# semi-aggro tank ideas



## SuckMyCichlids (Nov 5, 2011)

So the search to spice up my 40g has led me to this,
I've been thinking of a little more aggressive tank and was wondering if any thoughts on my stocking ideas, I would get rid of my female swords, and add either a 3 spot gourami (or similar gourami) and possibly a redtailed shark so i'd have

1 opaline or 3 spot gourami
1 male swordtail
1 redtailed shark
6 zebra danios

Any input is appreaciated


----------



## werebat (Jan 27, 2012)

I would probably have at least two of the swordtails or gouarmis since they like company.
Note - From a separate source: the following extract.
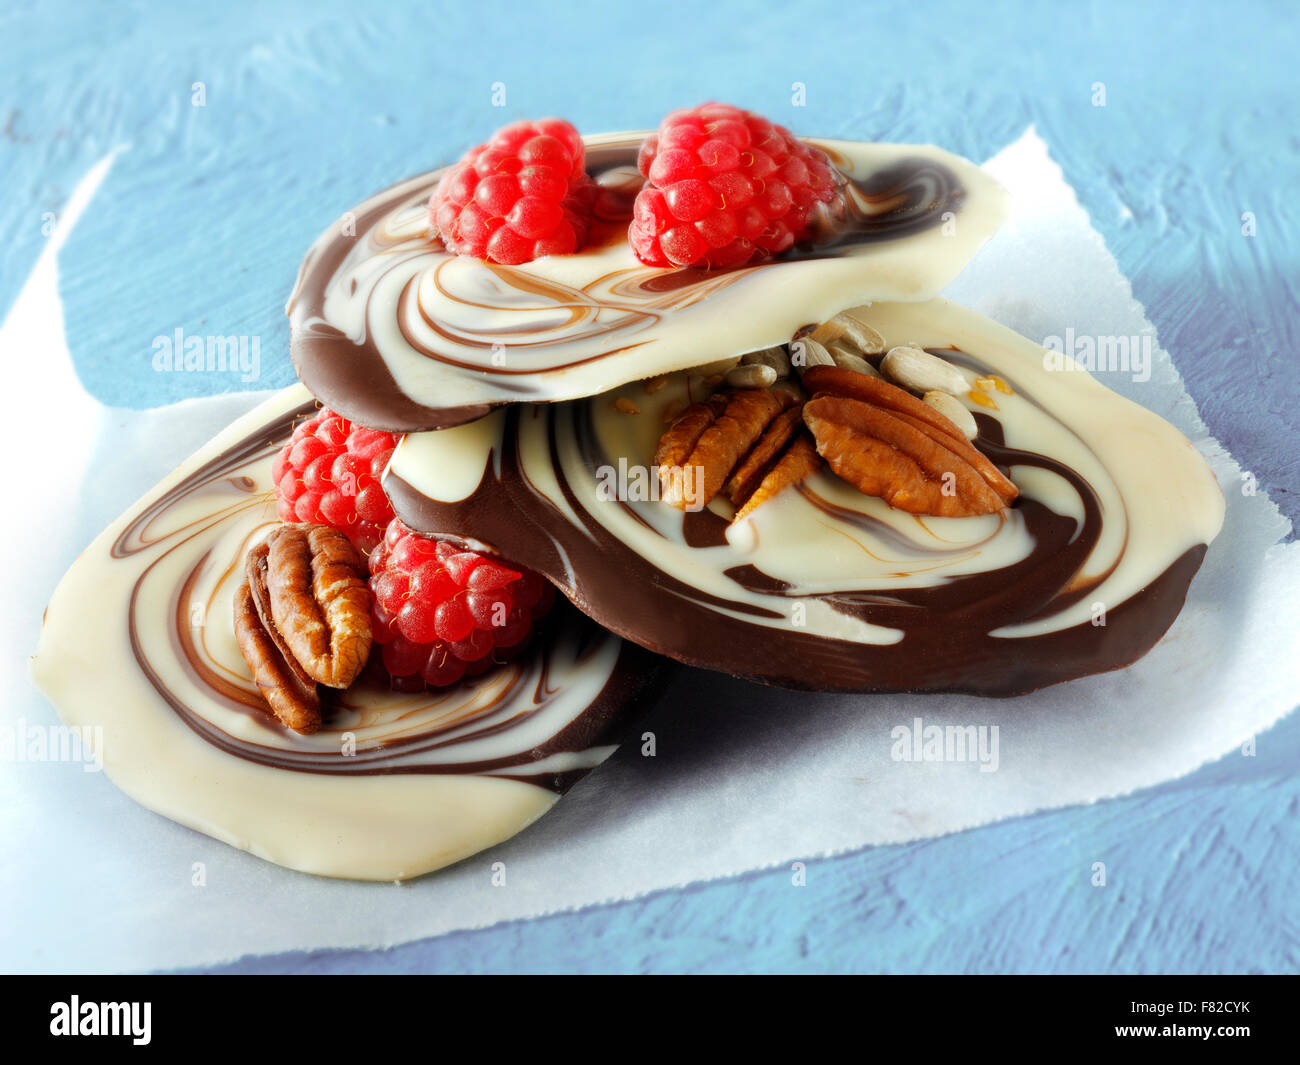 La leche y el chocolate blanco derretido remolinos receta con fruta y nueces Foto de stock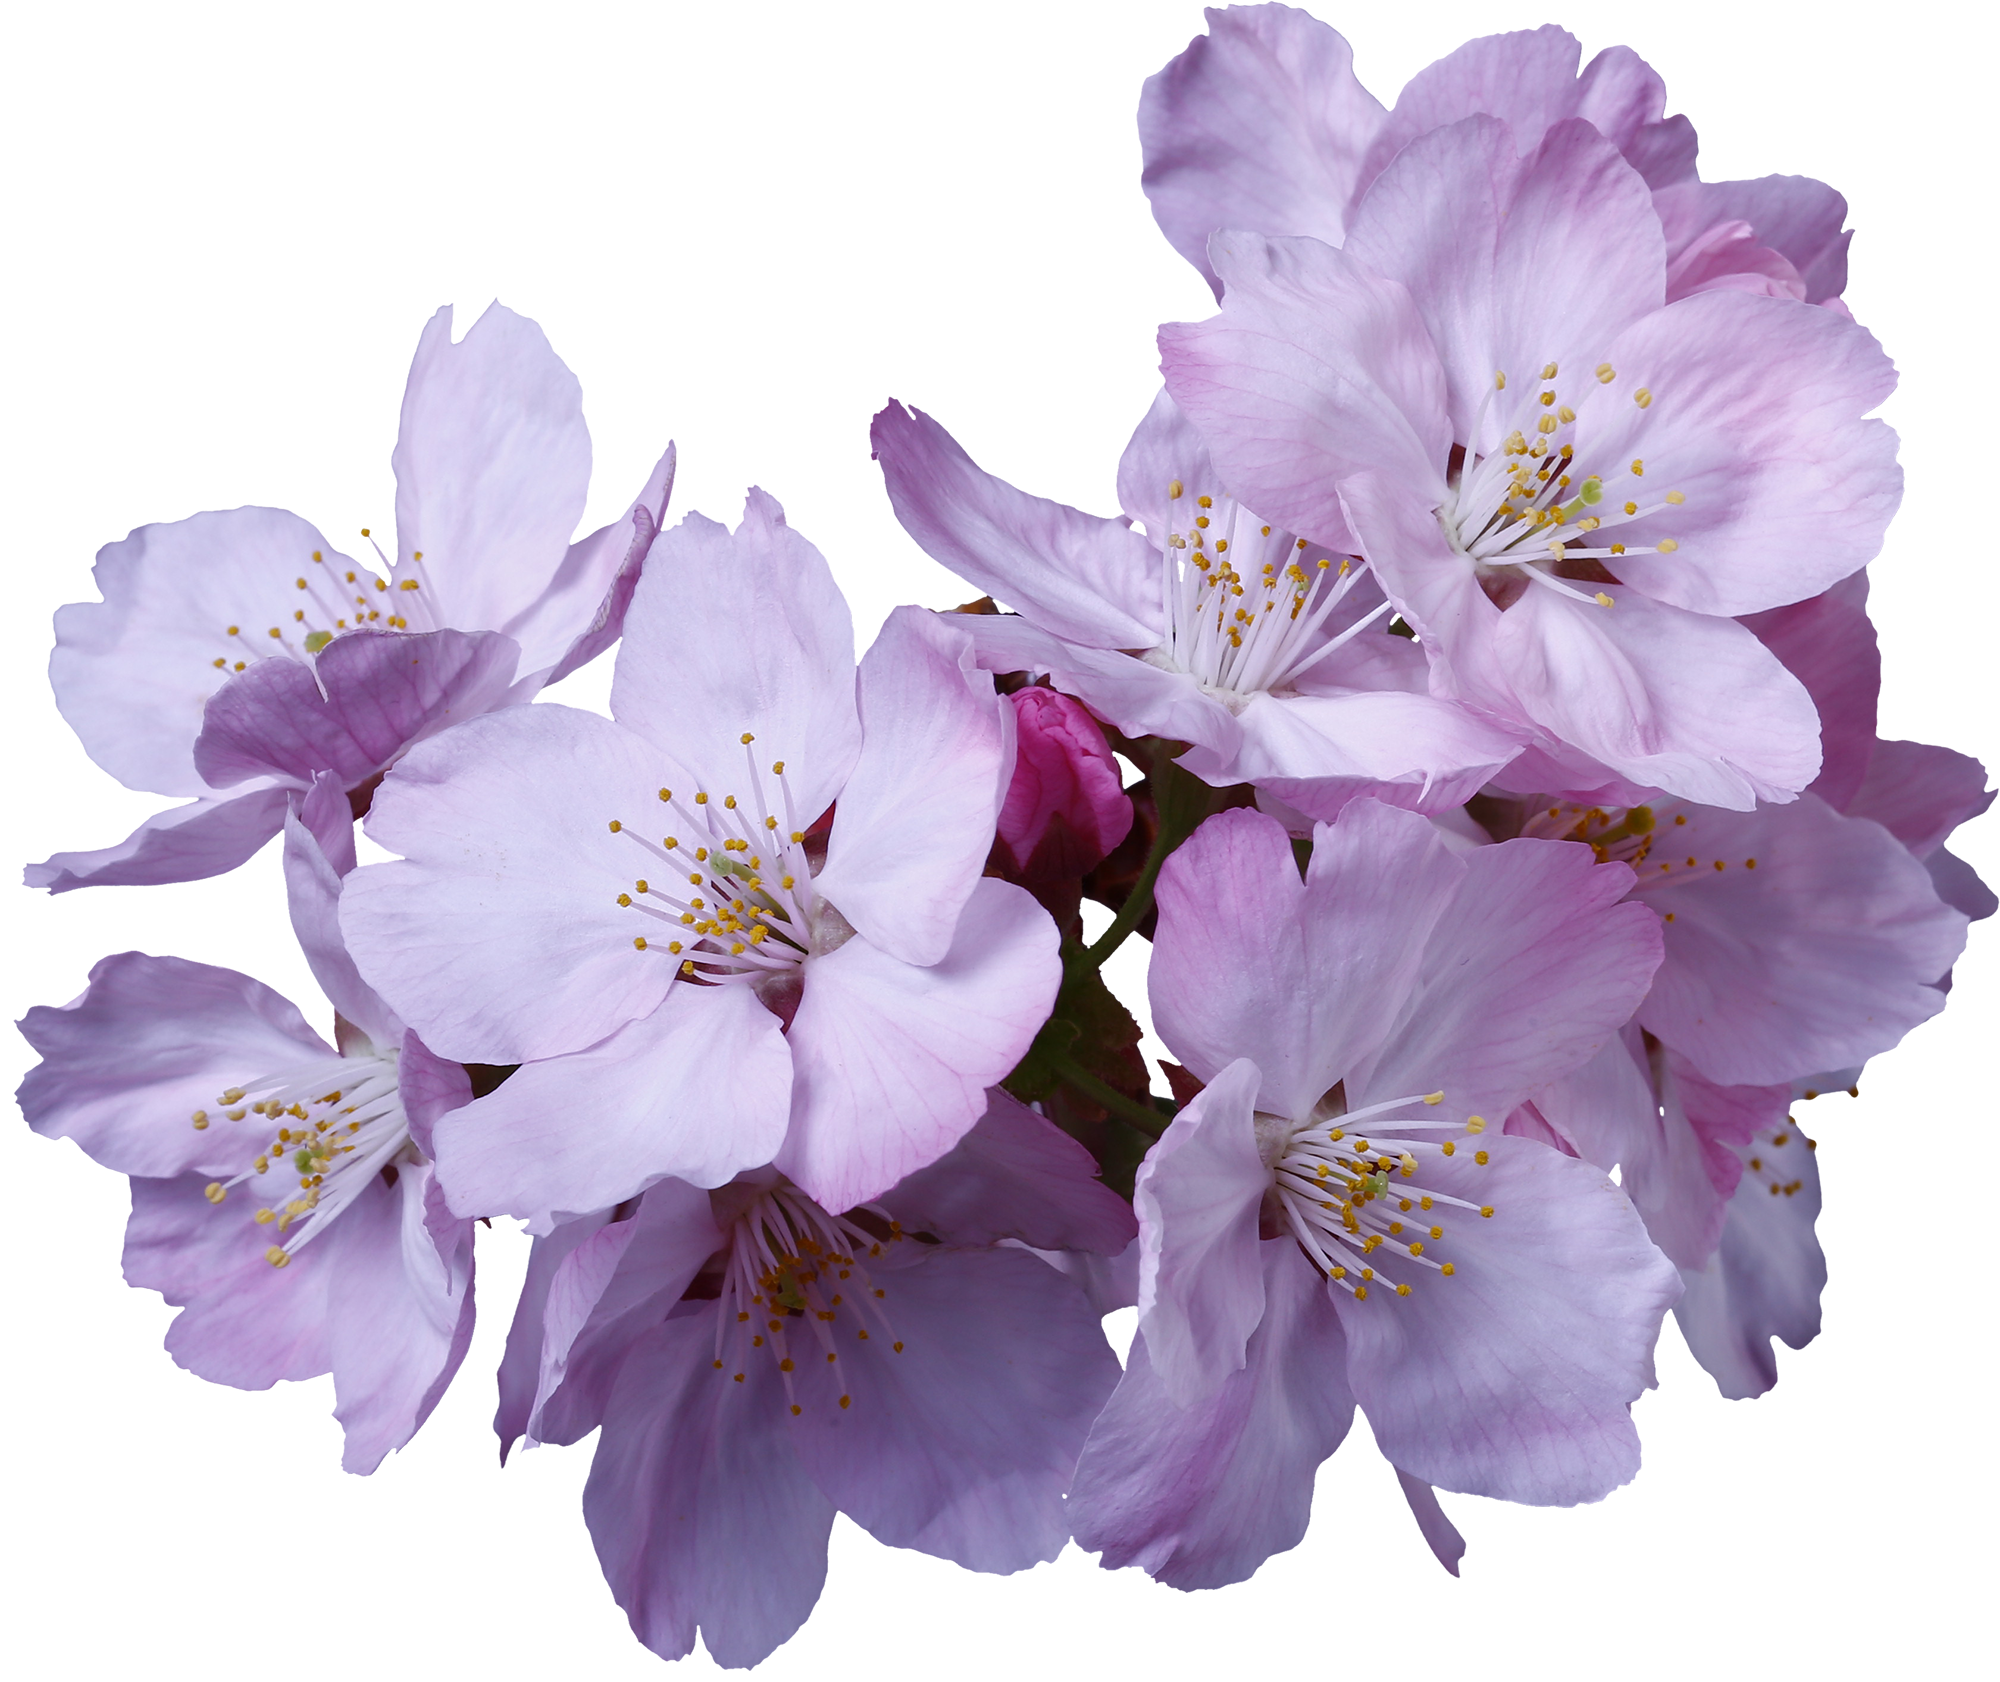 桜 サクラ の花の切り抜き画像 062 Flowers Plants Eden

Check out some websites and see the habits of the fish you are wanting to get. This way you can tell which ones like to be alone and which ones like buddies. Plus make sure the water conditions they prefer are smiliar.


----------



## jrman83 (Jul 9, 2010)

Still seems very community-ish to me...minus the shark.


----------



## congar15 (Dec 6, 2011)

Try this maybe? 
6 zebra danios 
6 tiger barbs 
red tailed shark 
2 pictus cats or other semi aggressive catfish


----------



## SuckMyCichlids (Nov 5, 2011)

From what I can see the "shark", gourami and danios will be just fine, I'm just wondering if there would be a confliction with the "shark" and the swordtail


----------



## SuckMyCichlids (Nov 5, 2011)

I would never put 2 gouramis in a tank personally and id love too keep acouple of my female swords but if the males gonna get pushed around I figure it'd be even worse for the females


----------



## congar15 (Dec 6, 2011)

My stocking suggestion was just to try to suggest a more semi-aggressive stocking. I have a red tailed shark and he's more passive than the minnow he's with. And as far as your question regarding swordtail and shark, I see no problem there. Have fun! :fish10:


----------



## SuckMyCichlids (Nov 5, 2011)

I thought about barbs but I would think 6 tiger barbs would be a bit much for the tank and I wouldn't want them in a group less than that but its still somthing to think about, thanks


----------



## congar15 (Dec 6, 2011)

No problem, man. *w2


----------